Dissydee profile image
7 Replies

Hello,

I’m still new to this forum and finding my way around.

I posted earlier this week for the first time about my story and received lots and lots of helpful information, more information than I’ve ever received from my GP since my diagnosis so thank you everyone!

It was recommended that I started a new post once I received my most recent test results. I have a GP appointment tomorrow to discuss them and I’d really like to go in armoured with as much information as possible. I’ve been trying quite hard to be referred to an Endo to no avail and my GP assured me that these results will decide whether or not I’m referred.

I assumed that I was going to have my TSH and T4 tested but that wasn’t the case on this occasion.

My last Thyroid results were normal:

5th January 2024

TSH - 0.96 miu/L [0.27 - 4.2]

T4 - 19.0 pmol/L [10.5 - 22.0]

My most recent tests were done to determine the cause of my extreme fatigue/tiredness and ectopic beats.
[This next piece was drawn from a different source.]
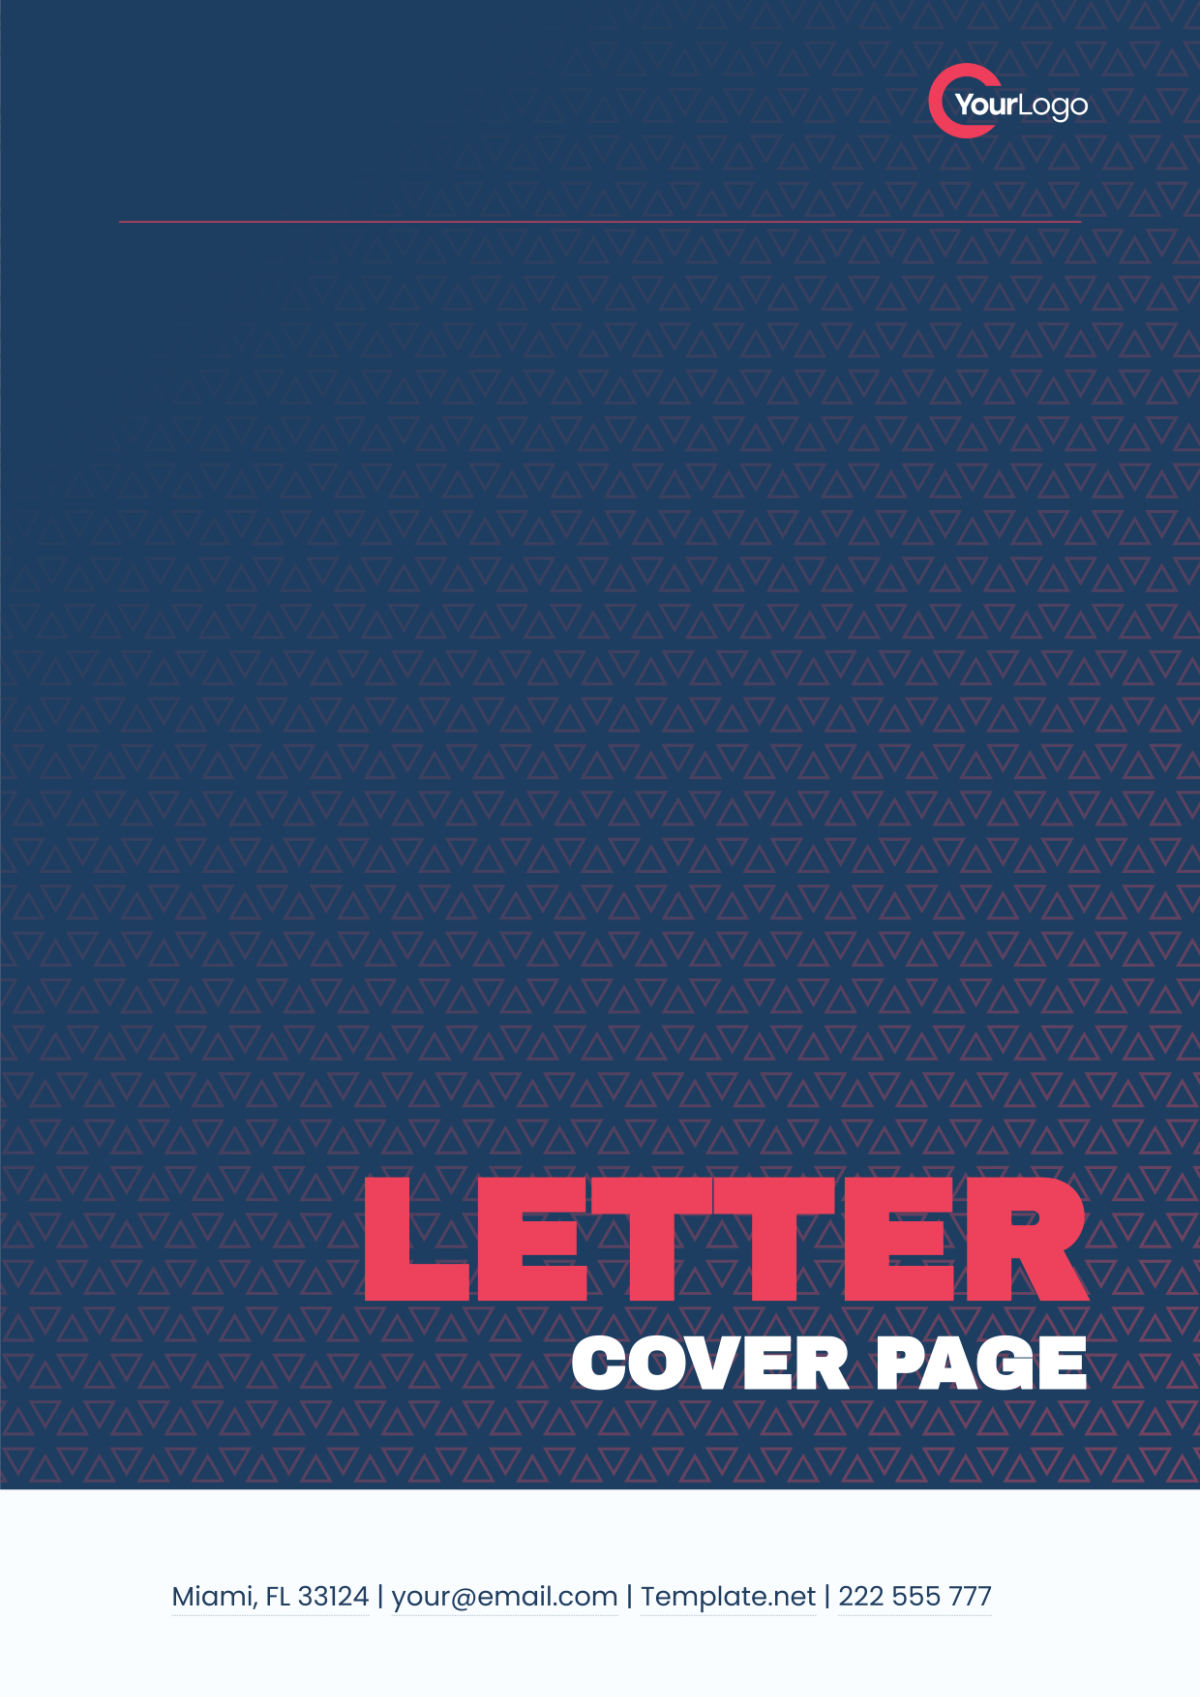 Letter Cover Page Logo Template
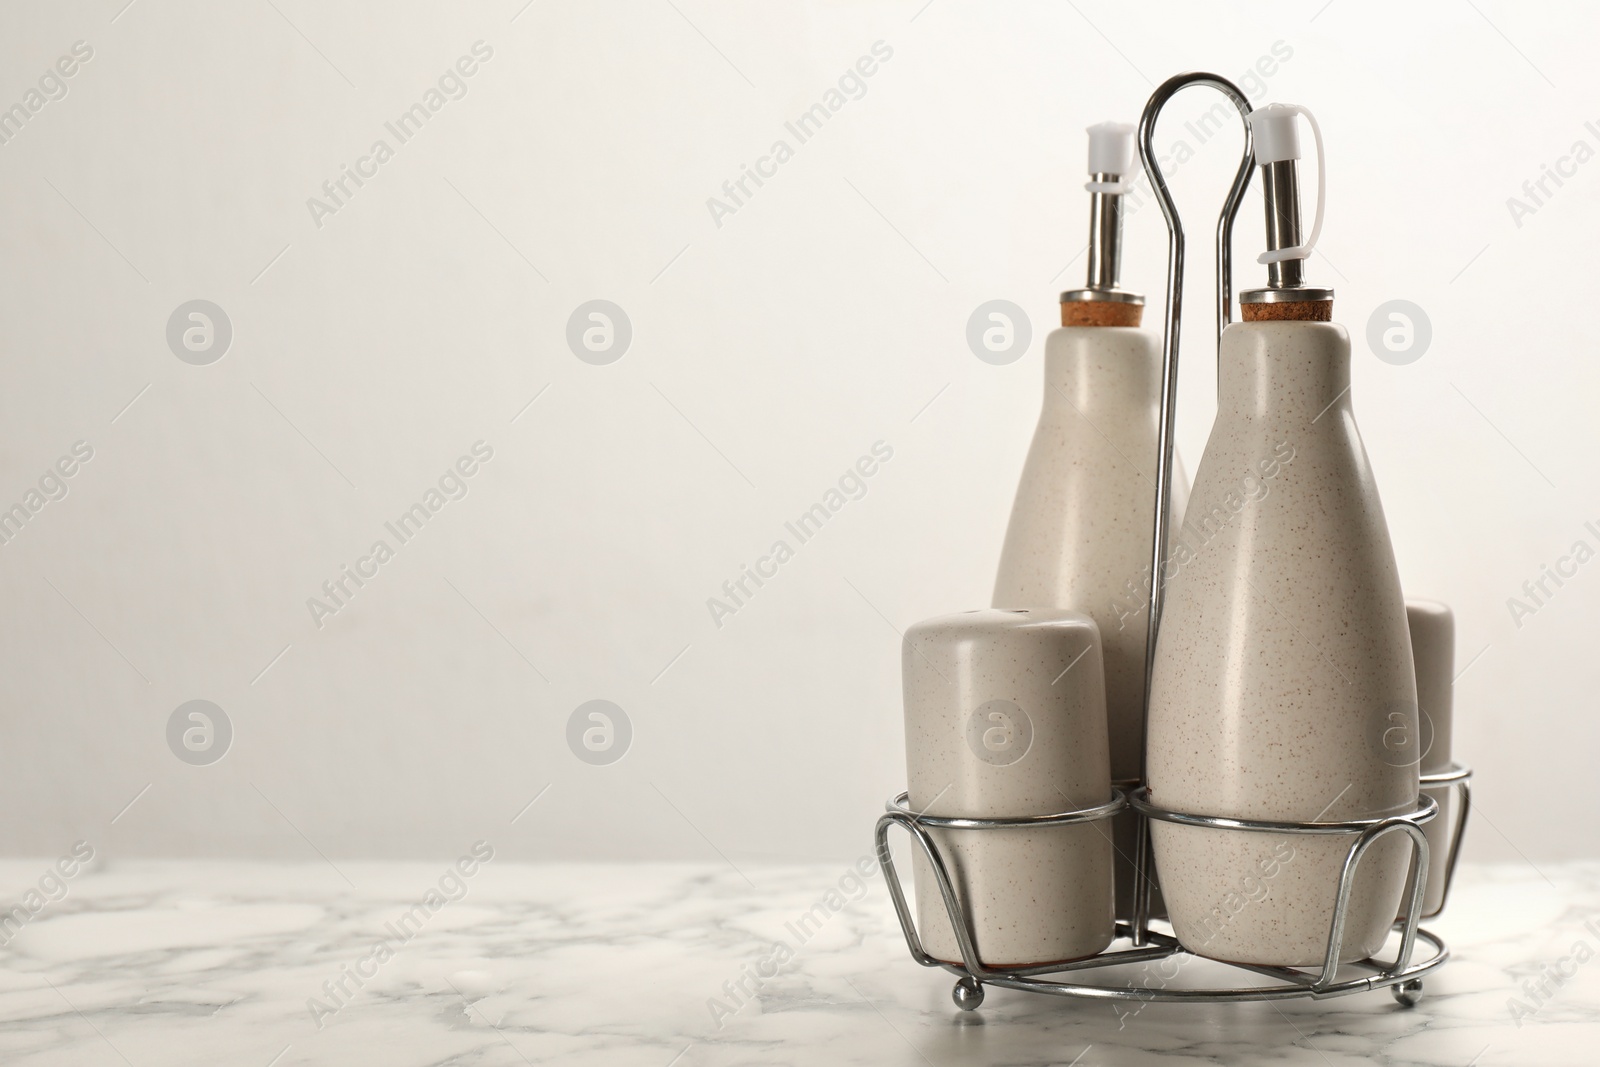 Photo of Sauce bottles with salt and pepper shakers in holder on white marble table. Space for text

These are:

Ferritin - 21 ug/L [13 - 150]

Though my result is within range, it’s showing as ‘borderline’.

Vitamin D - 21 nmol/L [50.0 - 140.0]

Result - Deficient

Iron - 19.9 umol/L [5.83 - 34.5-]

Result - Normal

B12 - 487 ng/L [197.0 - 771.0]

Result - Normal

Folate - 4.9 ug/L [3.0 - 26.8]

Result - Normal

Tissue Transglutamise IGA - 0.4 u/mL [0.0 - 6.9]

Result - Normal

Full blood count - Normal

Urea, Creat & Electrolytes - Normal

Bone Profile - Normal

Liver Function Tests - Normal

I’ve continuously had low levels of Vitamin D. Even though I have been given supplements in the past to take for a short time. I do eat a lot of Vitamin D rich foods so I’m confused as to why I am always so low on Vitamin D.

Is there any reason why I would be borderline or on the lower range of Ferritin despite having good Iron levels?

None of this really shows why I have such debilitating fatigue. Google suggests Vitamin D deficiency causes bone issues but not fatigue.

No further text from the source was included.